Fushih Pan (born 17 October 1957) is a Taiwanese plastic surgeon certified by the American Board of Plastic Surgery. Fushih Pan is also certified by the National Board of General Surgery of Taiwan and the Board of Plastic Surgery Specialist of the U.A.E.

Life 

Fushih Pan was born in Taipei, Taiwan the 17 of October 1957. He has a bachelor's degree in chemistry from the National Taiwan University in 1979, and a M.D. and Ph.D. in chemistry from the University of Chicago  through 1986-1989. He completed all of his doctoral qualifications in the United States where he resided as a plastic surgeon in many hospitals and as an instructor in the department of plastic surgery in the University of Pennsylvania.

Fushih Pan represented Taiwan as a team member for the Physicians for Peace organization and Northwest Medical to offer medical skills and advice in Developing Countries who were in the state of war like Estonia, Mexico, and Honduras from 1993 to 1994.

Fushih Pan returned to Taiwan in 1995. There he established a clinic where he currently performs plastic surgery.

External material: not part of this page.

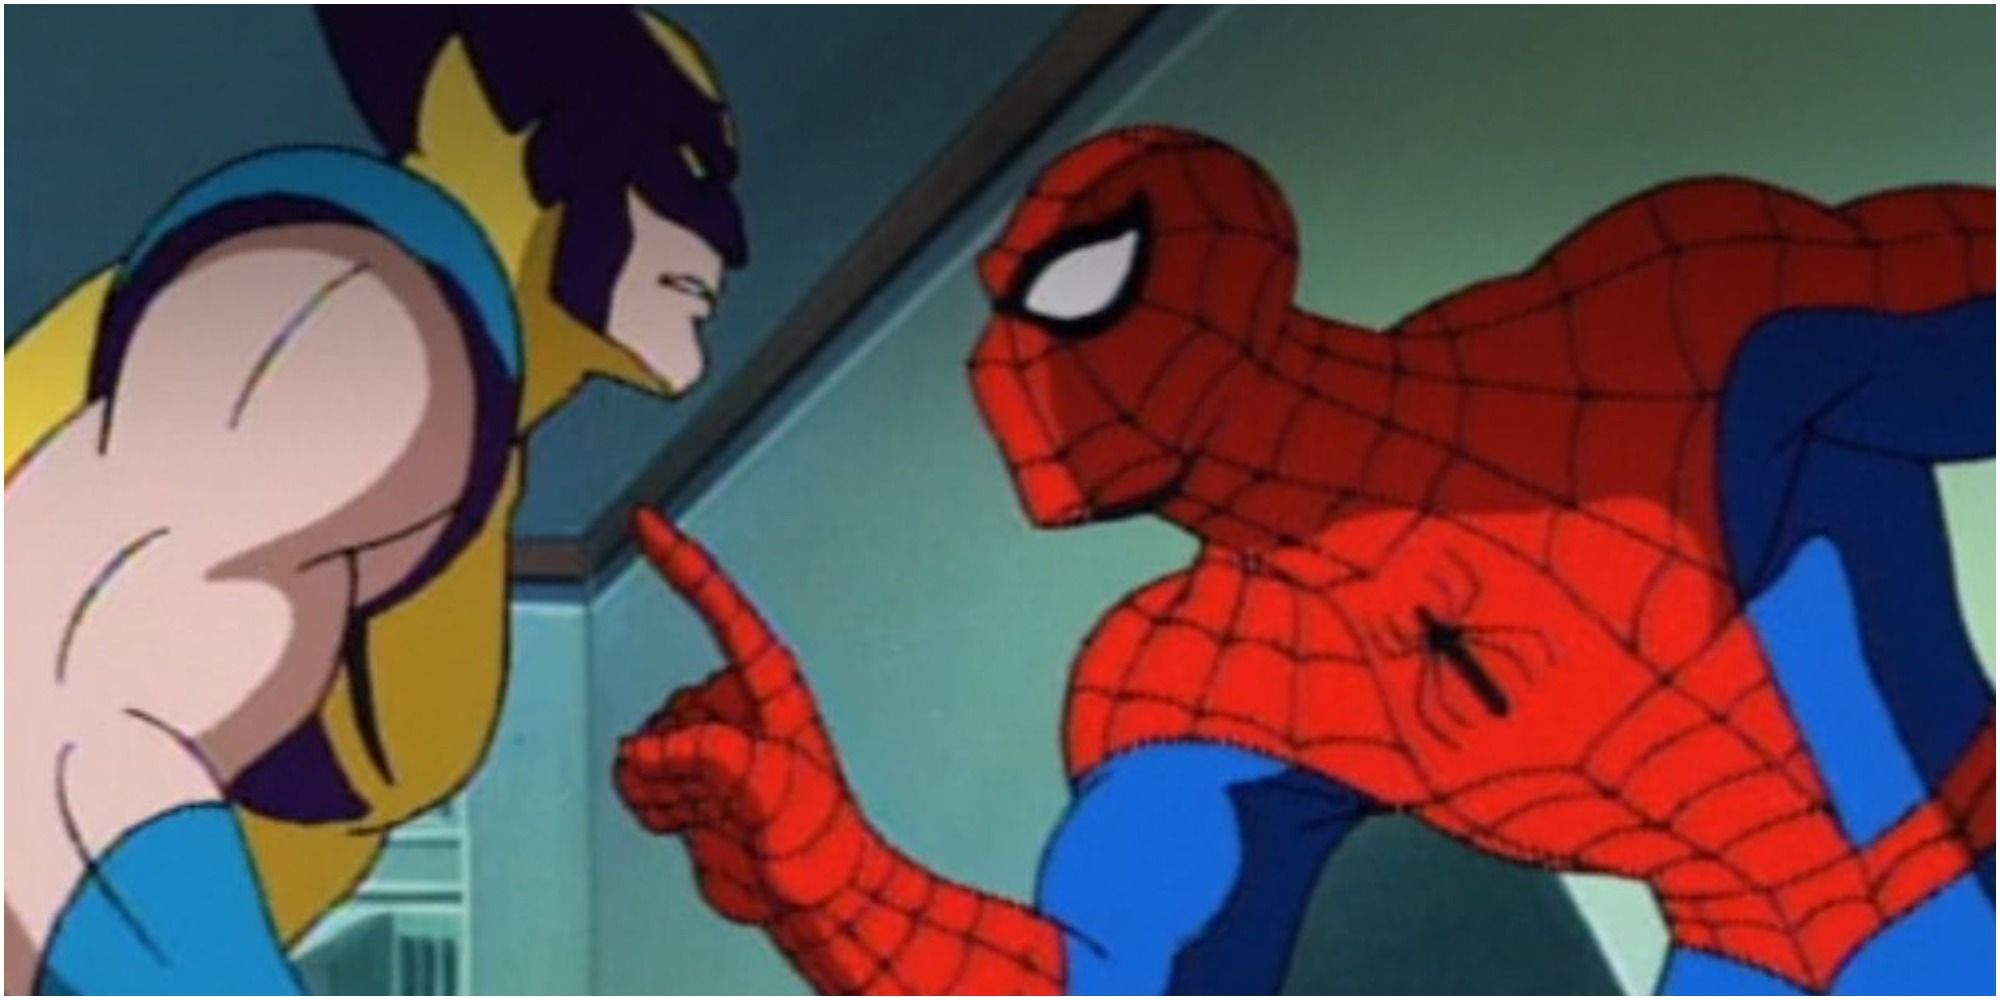 Spider-Man and Wolverine have a disagreement

During the following the years  Fushih Pan has taken part in many research projects  along with the University of Chicago, University of Pennsylvania as well as the National Taiwan University.

His most recent research on stem cell tracking using mesoporous nanoparticles, binding of short chain peptides on to gold and silver nanoparticles as a platform of biomarkers, and modification of MSC differentiation using nanopeptides in the National Taiwan University, have led him to the development of the MIRA Procedure in 2009.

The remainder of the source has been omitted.